Matt: It's certainly the case that structured data is really interesting, because once you have data in different fields, you can imagine doing different types of searches over it. And GData is especially interesting, because it almost provides a way to plug data into Google. Which throws up a lot of interesting possibilities. For example, Google's had a couple of other types of searches - we've had patent search, code search, book search - and those are slightly different verticals, a little more free-form. But you could certainly imagine being able to search over new verticals; and having that fielded search, or the structured content (however you want to refer to it) can definitely be really useful as far as letting people have more flexibility. So I'm pretty excited about it, but it's always hard to say how things will go in the future and the direction things will go.

Richard: Do you have any plans for vertical search beyond blogs, I mean the major verticals... for example Microsoft bought a health search company recently. So is Google going to do anything in those major verticals?

Matt: Well, there are two answers to that. Firstly things like patent search, code search, book search - whether you want to call them vertical search is kind of up for dispute. They search over different types of data. So for example with Google Calendar, being able to search over calendar data or Gmail being able to search over email, is an entirely different and new capability. And really, really interesting. I'll let you decide whether to call that vertical search or not.

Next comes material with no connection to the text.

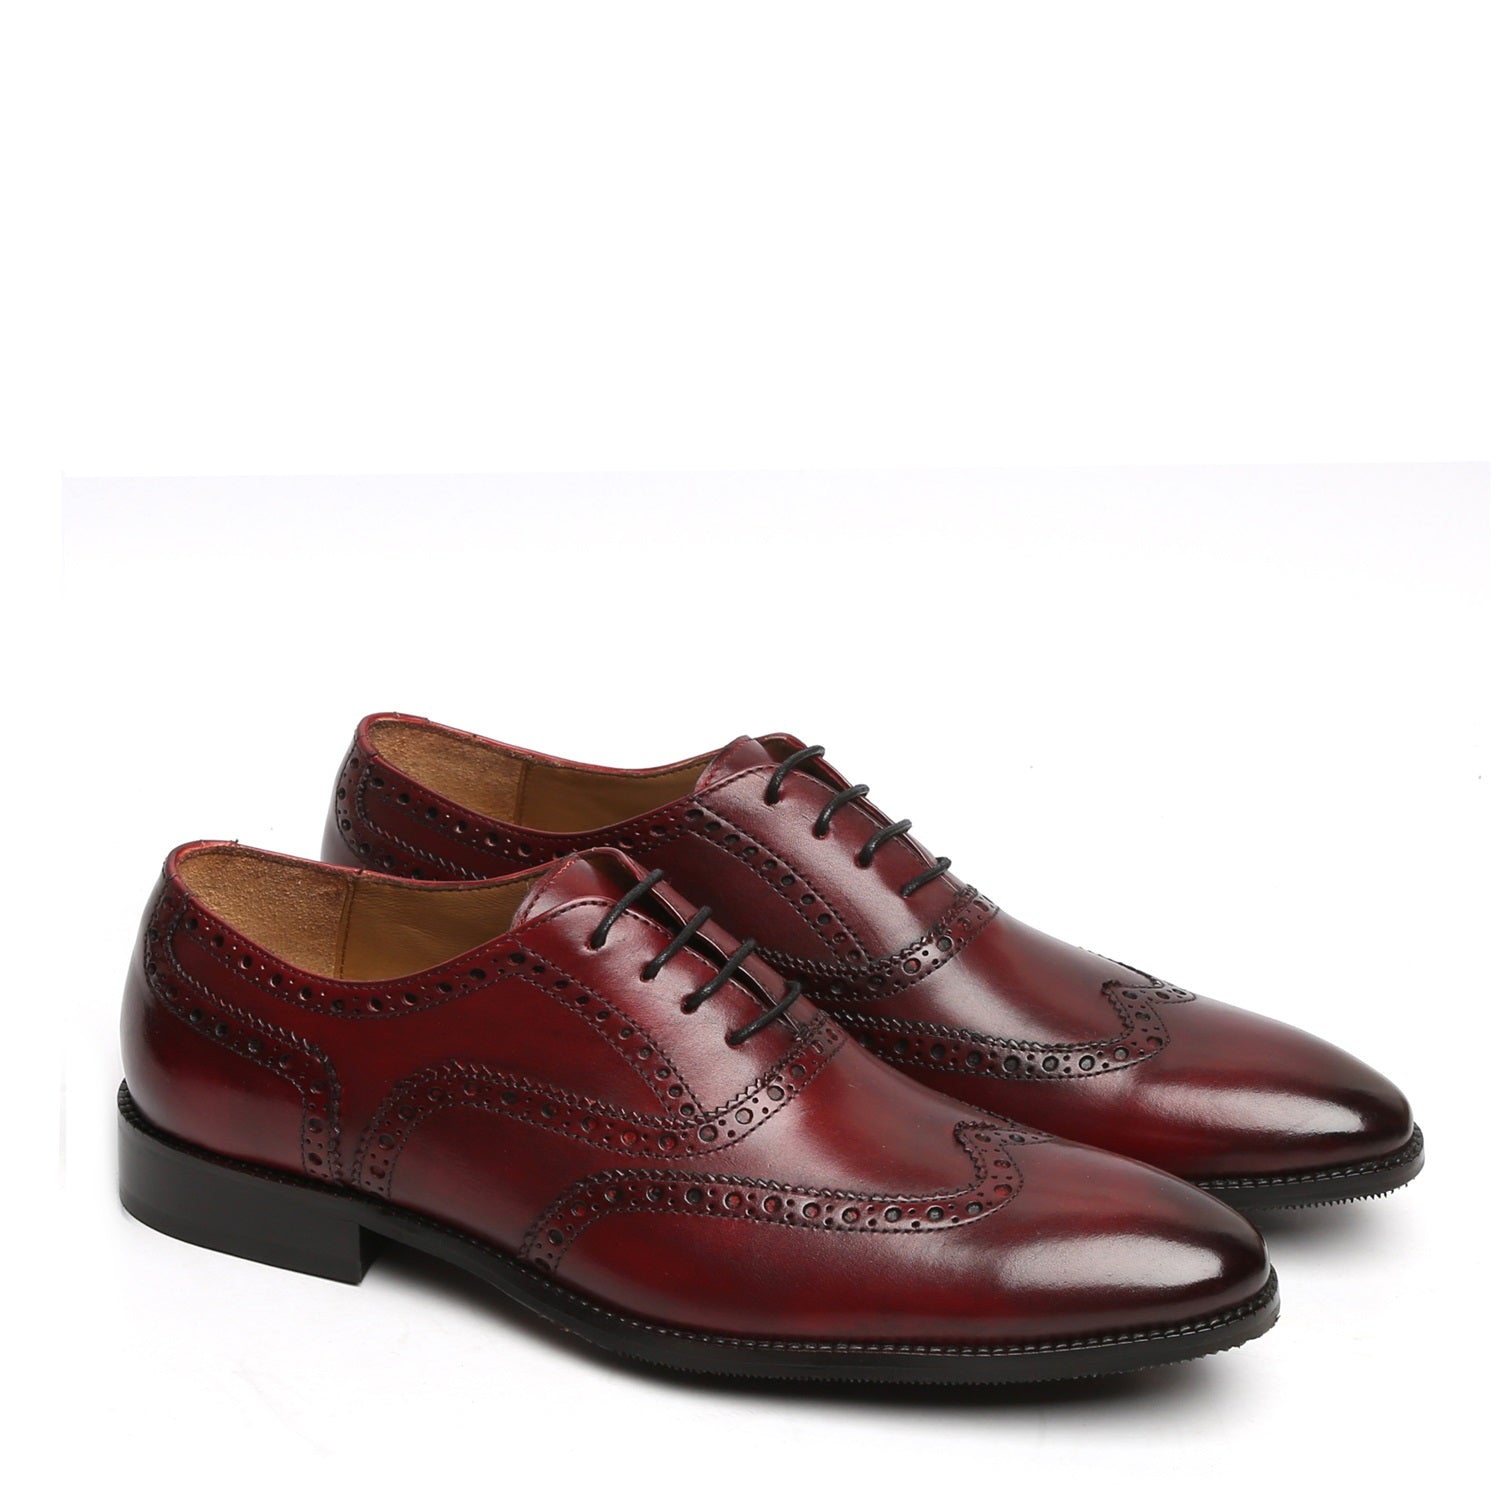 Wine Leather Oxford Shoe With Punching Brogue Design

My second answer though, is that I think it's really interesting that Google has taken a step back and looked at the general issue of vertical search - and as a result has introduced Google Custom Search Engine (CSE). It's built on the power of Google Co-op, and the wonderful thing about it is that it lets anybody define their own custom search engine. And not just something feeble, we're talking about the ability to add 5,000 URLs very easily - and not just to filter over them, but to be able to boost for some sets of URLs, and detract or downgrade other sets of URLs.

So what's really interesting to me is if you think about a new vertical, for example podcasts, you could certainly have Google say: ‘well ok, how do we search over podcasts?’ But if you go into Google Custom Search Engine, I think there's been dozens of people who've actually made their own podcast search engines - by using the power of CSE. For example, the other day I found a search engine for 'engineering podcasts', so you could search for Google and get all the podcasts about tech talk, etc. I think that's a really interesting approach. I'd certainly say that we want to return the best results to users, so in some cases it might make sense for Google to look at individual areas. But the general issue is often well addressed by giving the power to the people, so to speak, and letting them build their own search engines. So it's really been fun to see just how many people have signed up for it, and how much growth the custom search engine area is getting.

Richard: Your particular area of expertise is fighting spam. Can you tell us the latest on how Google is trying to keep its results pure... what are some of the trends in fighting spam?

Matt: We've done a lot of stuff to return better search results for users over the last year, including on web spam. For example, we've got internal metrics that we keep track of to show that we're doing a much better job than even a couple of years ago, to make sure that a user doesn't randomly come across spam. One of the big trends last year and continuing into this year is internationalization. It's really important for us to be able to offer spam-free search in any language, whether it's French, Italian, German, Chinese or Japanese. So a lot of what my team looks at is trying to make sure that any new approach that we do, we are also able to do in a scalable and robust way across many languages. So that's probably the biggest trend.